> _Problem to work on_
Among the entries that follow, the required portion opens with the line containing "4 realisation medaille" and closes with the line containing "Venatura Kids Mikroenkapsüle". Give that portion again exactly, and nothing else.

(Saved entries)
%%
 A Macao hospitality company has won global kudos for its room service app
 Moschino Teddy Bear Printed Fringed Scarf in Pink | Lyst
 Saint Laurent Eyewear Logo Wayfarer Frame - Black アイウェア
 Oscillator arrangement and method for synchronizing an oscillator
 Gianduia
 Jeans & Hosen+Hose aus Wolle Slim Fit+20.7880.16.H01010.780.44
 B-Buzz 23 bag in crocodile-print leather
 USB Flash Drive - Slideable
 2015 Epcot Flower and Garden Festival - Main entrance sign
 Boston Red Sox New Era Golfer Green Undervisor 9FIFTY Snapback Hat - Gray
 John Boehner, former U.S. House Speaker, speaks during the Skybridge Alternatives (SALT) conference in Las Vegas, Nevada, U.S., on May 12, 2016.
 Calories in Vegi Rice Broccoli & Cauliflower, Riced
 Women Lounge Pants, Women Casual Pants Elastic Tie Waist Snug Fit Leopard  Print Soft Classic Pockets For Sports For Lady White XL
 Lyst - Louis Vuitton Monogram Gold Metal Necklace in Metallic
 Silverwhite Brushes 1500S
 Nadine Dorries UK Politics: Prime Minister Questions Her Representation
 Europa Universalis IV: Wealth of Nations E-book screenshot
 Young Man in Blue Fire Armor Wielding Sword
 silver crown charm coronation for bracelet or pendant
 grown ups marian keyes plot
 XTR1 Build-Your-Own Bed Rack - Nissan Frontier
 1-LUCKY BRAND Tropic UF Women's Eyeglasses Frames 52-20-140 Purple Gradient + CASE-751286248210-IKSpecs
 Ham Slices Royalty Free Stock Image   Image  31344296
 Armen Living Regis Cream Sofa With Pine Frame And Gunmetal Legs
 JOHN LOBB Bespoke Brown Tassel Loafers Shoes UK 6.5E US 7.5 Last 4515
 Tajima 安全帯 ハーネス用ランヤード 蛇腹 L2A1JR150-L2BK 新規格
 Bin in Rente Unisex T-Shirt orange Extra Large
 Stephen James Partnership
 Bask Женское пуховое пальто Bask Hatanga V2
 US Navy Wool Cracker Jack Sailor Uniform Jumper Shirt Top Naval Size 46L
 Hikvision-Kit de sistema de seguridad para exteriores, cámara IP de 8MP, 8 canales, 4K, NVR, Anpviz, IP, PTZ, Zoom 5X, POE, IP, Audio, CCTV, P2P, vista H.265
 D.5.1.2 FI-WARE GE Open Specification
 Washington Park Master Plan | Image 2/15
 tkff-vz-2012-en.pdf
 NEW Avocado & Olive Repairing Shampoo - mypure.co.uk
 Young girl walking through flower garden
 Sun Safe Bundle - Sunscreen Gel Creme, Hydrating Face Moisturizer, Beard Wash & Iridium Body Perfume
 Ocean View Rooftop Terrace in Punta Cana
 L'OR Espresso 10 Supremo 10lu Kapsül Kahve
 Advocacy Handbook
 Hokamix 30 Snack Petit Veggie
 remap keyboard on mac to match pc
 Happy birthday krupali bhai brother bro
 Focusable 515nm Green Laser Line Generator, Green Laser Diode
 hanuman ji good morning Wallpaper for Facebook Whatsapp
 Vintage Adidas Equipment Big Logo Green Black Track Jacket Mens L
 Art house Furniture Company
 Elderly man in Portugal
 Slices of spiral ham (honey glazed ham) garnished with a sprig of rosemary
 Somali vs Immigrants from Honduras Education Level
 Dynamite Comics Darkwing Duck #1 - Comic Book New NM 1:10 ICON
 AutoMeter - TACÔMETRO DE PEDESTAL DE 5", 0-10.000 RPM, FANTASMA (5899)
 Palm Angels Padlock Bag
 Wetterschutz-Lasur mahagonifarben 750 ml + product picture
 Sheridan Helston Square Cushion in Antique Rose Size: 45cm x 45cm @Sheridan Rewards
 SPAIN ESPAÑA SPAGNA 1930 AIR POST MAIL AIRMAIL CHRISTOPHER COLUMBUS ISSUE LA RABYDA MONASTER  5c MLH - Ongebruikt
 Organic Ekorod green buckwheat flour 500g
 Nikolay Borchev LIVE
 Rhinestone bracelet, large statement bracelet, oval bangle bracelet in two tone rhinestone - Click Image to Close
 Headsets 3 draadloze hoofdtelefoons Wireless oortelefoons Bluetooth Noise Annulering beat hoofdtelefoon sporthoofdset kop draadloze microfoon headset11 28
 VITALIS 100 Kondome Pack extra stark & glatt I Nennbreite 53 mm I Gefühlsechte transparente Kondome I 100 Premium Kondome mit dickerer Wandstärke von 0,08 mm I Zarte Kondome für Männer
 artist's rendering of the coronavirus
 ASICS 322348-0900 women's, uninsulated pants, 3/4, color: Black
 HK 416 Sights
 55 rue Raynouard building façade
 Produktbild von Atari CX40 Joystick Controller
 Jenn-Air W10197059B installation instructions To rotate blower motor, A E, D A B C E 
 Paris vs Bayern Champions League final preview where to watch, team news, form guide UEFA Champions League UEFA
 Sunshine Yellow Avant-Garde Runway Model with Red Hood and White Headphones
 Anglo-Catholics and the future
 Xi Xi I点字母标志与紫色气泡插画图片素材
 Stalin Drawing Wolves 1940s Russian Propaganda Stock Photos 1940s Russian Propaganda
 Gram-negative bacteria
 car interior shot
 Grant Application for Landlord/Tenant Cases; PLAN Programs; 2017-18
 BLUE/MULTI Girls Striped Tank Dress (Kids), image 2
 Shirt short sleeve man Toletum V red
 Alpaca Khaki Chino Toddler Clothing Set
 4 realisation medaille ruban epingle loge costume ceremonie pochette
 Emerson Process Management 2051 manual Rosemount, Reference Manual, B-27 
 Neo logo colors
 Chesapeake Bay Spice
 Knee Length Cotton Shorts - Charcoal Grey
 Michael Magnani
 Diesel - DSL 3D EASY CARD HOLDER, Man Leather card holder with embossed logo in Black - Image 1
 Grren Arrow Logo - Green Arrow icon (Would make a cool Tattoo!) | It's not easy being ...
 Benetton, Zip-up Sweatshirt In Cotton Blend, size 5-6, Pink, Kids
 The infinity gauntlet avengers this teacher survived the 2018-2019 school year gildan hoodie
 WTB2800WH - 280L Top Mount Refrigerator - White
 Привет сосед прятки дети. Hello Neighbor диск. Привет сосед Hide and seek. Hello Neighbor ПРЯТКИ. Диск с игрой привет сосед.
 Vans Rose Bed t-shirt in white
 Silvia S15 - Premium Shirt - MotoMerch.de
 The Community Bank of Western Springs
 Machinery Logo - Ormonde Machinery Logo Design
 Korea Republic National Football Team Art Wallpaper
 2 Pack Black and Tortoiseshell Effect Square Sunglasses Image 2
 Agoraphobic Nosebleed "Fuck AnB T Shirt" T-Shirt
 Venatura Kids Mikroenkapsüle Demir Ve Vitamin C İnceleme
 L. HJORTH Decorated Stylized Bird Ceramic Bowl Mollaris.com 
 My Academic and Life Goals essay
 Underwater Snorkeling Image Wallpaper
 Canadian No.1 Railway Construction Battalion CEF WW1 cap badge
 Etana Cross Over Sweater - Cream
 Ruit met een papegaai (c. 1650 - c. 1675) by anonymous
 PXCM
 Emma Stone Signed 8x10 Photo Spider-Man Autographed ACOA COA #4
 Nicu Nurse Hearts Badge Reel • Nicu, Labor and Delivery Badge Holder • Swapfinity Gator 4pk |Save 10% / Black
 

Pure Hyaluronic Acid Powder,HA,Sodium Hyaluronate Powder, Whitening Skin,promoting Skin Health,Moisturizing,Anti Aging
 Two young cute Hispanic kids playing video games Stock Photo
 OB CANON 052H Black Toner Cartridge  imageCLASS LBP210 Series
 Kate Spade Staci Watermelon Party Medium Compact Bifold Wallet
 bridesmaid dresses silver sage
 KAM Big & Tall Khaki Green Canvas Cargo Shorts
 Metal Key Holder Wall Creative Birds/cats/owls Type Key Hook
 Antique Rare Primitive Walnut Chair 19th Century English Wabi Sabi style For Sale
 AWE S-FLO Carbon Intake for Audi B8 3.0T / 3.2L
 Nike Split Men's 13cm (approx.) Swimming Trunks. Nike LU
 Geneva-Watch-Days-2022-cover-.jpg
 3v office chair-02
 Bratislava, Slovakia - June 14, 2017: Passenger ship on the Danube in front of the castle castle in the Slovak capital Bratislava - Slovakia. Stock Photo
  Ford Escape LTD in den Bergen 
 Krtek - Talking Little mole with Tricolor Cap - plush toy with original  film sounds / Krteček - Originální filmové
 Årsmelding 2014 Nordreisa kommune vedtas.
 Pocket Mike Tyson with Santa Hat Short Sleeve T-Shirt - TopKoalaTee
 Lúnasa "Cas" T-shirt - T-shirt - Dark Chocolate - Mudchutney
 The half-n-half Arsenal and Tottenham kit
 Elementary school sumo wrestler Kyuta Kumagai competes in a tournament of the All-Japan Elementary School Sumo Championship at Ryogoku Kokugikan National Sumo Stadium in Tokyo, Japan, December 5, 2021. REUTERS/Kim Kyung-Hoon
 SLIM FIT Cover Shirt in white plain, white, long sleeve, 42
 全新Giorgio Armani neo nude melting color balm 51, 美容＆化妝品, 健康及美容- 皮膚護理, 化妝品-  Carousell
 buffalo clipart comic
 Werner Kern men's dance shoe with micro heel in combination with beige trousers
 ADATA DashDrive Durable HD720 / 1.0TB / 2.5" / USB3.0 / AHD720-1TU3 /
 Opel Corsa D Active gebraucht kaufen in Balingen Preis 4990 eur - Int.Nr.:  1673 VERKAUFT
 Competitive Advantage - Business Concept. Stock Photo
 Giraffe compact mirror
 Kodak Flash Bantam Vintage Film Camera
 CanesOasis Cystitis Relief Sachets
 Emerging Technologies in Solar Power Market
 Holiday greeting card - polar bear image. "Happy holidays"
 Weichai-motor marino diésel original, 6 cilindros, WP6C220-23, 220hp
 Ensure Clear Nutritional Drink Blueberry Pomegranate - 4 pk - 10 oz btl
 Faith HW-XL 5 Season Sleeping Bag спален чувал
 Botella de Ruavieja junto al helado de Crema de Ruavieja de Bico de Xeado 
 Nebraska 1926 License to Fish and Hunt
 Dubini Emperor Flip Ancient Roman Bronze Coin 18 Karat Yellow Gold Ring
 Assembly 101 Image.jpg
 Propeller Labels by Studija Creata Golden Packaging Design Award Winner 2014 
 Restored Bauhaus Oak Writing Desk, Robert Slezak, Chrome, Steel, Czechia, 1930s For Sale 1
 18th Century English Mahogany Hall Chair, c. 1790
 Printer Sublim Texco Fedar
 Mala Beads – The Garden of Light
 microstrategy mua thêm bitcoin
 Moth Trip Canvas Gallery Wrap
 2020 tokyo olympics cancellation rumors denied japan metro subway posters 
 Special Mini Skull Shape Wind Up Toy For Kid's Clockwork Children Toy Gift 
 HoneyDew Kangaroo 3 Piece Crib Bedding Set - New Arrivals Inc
%%
> _Solution to the exercise_
 4 realisation medaille ruban epingle loge costume ceremonie pochette
 Emerson Process Management 2051 manual Rosemount, Reference Manual, B-27 
 Neo logo colors
 Chesapeake Bay Spice
 Knee Length Cotton Shorts - Charcoal Grey
 Michael Magnani
 Diesel - DSL 3D EASY CARD HOLDER, Man Leather card holder with embossed logo in Black - Image 1
 Grren Arrow Logo - Green Arrow icon (Would make a cool Tattoo!) | It's not easy being ...
 Benetton, Zip-up Sweatshirt In Cotton Blend, size 5-6, Pink, Kids
 The infinity gauntlet avengers this teacher survived the 2018-2019 school year gildan hoodie
 WTB2800WH - 280L Top Mount Refrigerator - White
 Привет сосед прятки дети. Hello Neighbor диск. Привет сосед Hide and seek. Hello Neighbor ПРЯТКИ. Диск с игрой привет сосед.
 Vans Rose Bed t-shirt in white
 Silvia S15 - Premium Shirt - MotoMerch.de
 The Community Bank of Western Springs
 Machinery Logo - Ormonde Machinery Logo Design
 Korea Republic National Football Team Art Wallpaper
 2 Pack Black and Tortoiseshell Effect Square Sunglasses Image 2
 Agoraphobic Nosebleed "Fuck AnB T Shirt" T-Shirt
 Venatura Kids Mikroenkapsüle Demir Ve Vitamin C İnceleme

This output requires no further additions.